Industrial Standards for Prebaked Carbon Anodes^[5][6][7]

Property	Standard	Range
Baked Apparent Density	ISO 12985-1	1.53-1.64 gcm-3
Electrical Resistance	ISO 11713	55-62 μΩ for pressed anodes
Compressive Strength	ISO 18515	40-48 MPa
Young's Modulus	RDC-144	3.5-5.5 GPa
Tensile Strength	ISO 12986-1	8-10 MPa for pressed anodes
Thermal Conductivity	ISO 12987	3.5-4.5W mK-1
Coefficient of Thermal Expansion	RDC-158	3.5-4.5 x 10-6 K-1
Air Permeability	ISO 15906	0.5-1.5 nPm
Carboxy Reactivity Residue	ISO 12988-1	84-96%
Air Reactivity Residue	ISO 12989-1	0.05-0.3% per minute
Grain Stability	N/A	70-90%

Significance of the Industrial Standards

Density

Higher baking temperatures result in higher density anodes, which exhibit reduced permeability and therefore extend the operational life of the anode.^[8] However, excessive density will result in thermal shock and fracturing of the anode upon first use in an electrolysis cell.^[9]

Electrical Resistance

Efficient aluminium smelting requires low resistance on the part of the anode. Low resistance results in greater control over the electrolysis cell's voltage and reduces the energy loss associated with resistive heating.^[10] However, anodes with low electrical resistance also exhibit increased thermal conductivity. Anodes that conduct too much heat will oxidize rapidly, reducing or eliminating their smelting efficiency, called "air burn" in industry parlance.^[11]

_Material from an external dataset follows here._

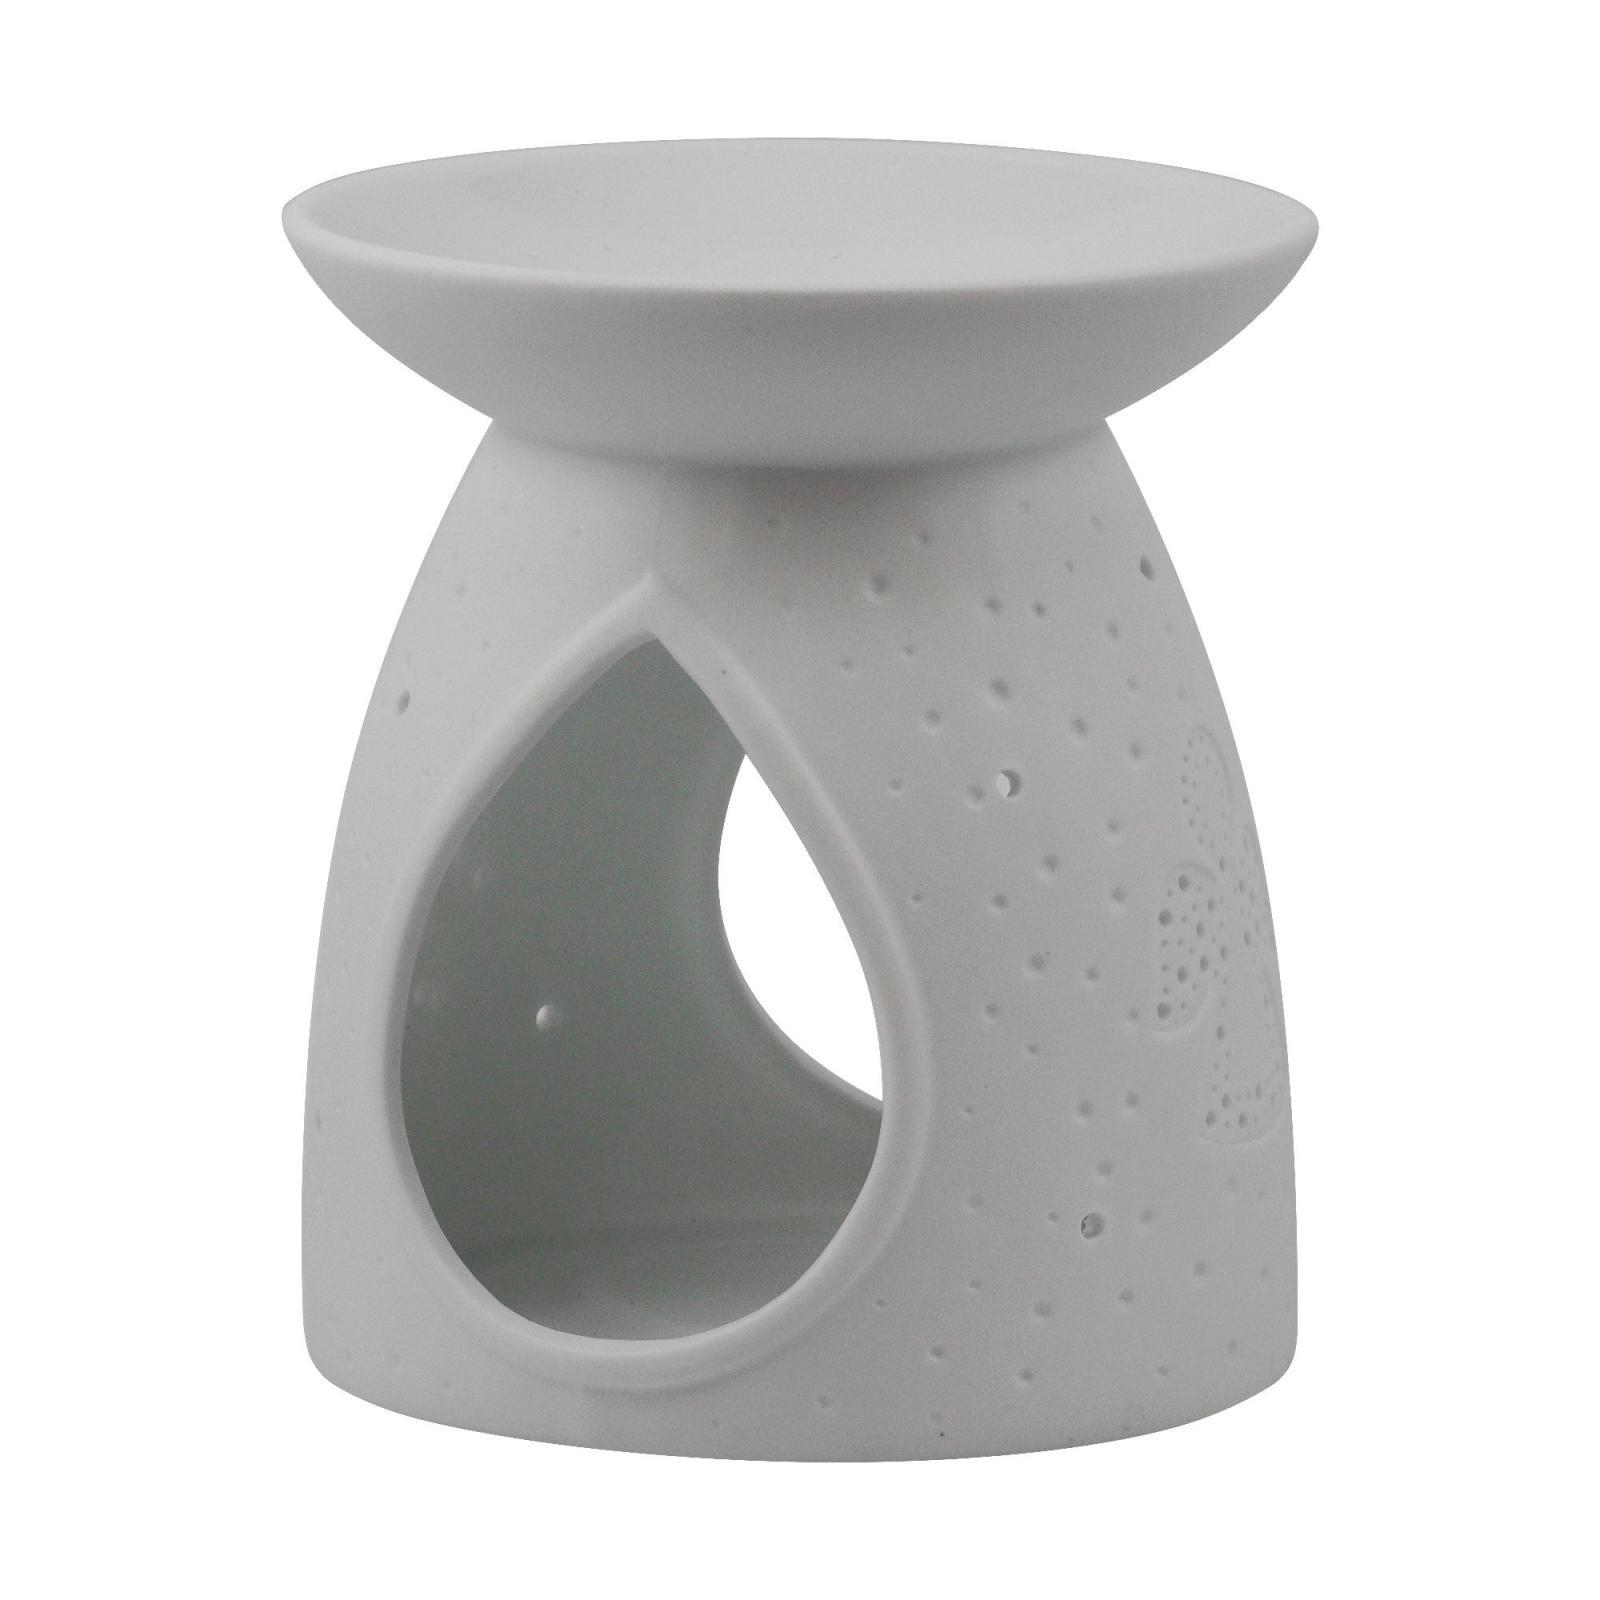 Kerzenfarm Porcelánová aromalampa Anděl 1 ks, 11 cm

Mechanical Strength (Compressive Strength, Young's Modulus, Tensile Strength)

Anodes are subject to a variety of mechanical stresses during creation, transportation and use. Anodes must be resistant to compressive force, resistant to elastic stress,^[12] and resistant to impact without becoming brittle.^[13][14] The relationship between compressive strength and Young's modulus in prebaked anodes usually results in a compromise in the anode's resistance to compressive force and elastic stresses.^[15]

Thermal Conductivity and Thermal Expansion

Low anode thermal conductivity results in "air burn", as noted in Electrical Resistance, above.^[16][17]

Low thermal expansion coefficients are desirable to avoid thermal shock.^[18][19]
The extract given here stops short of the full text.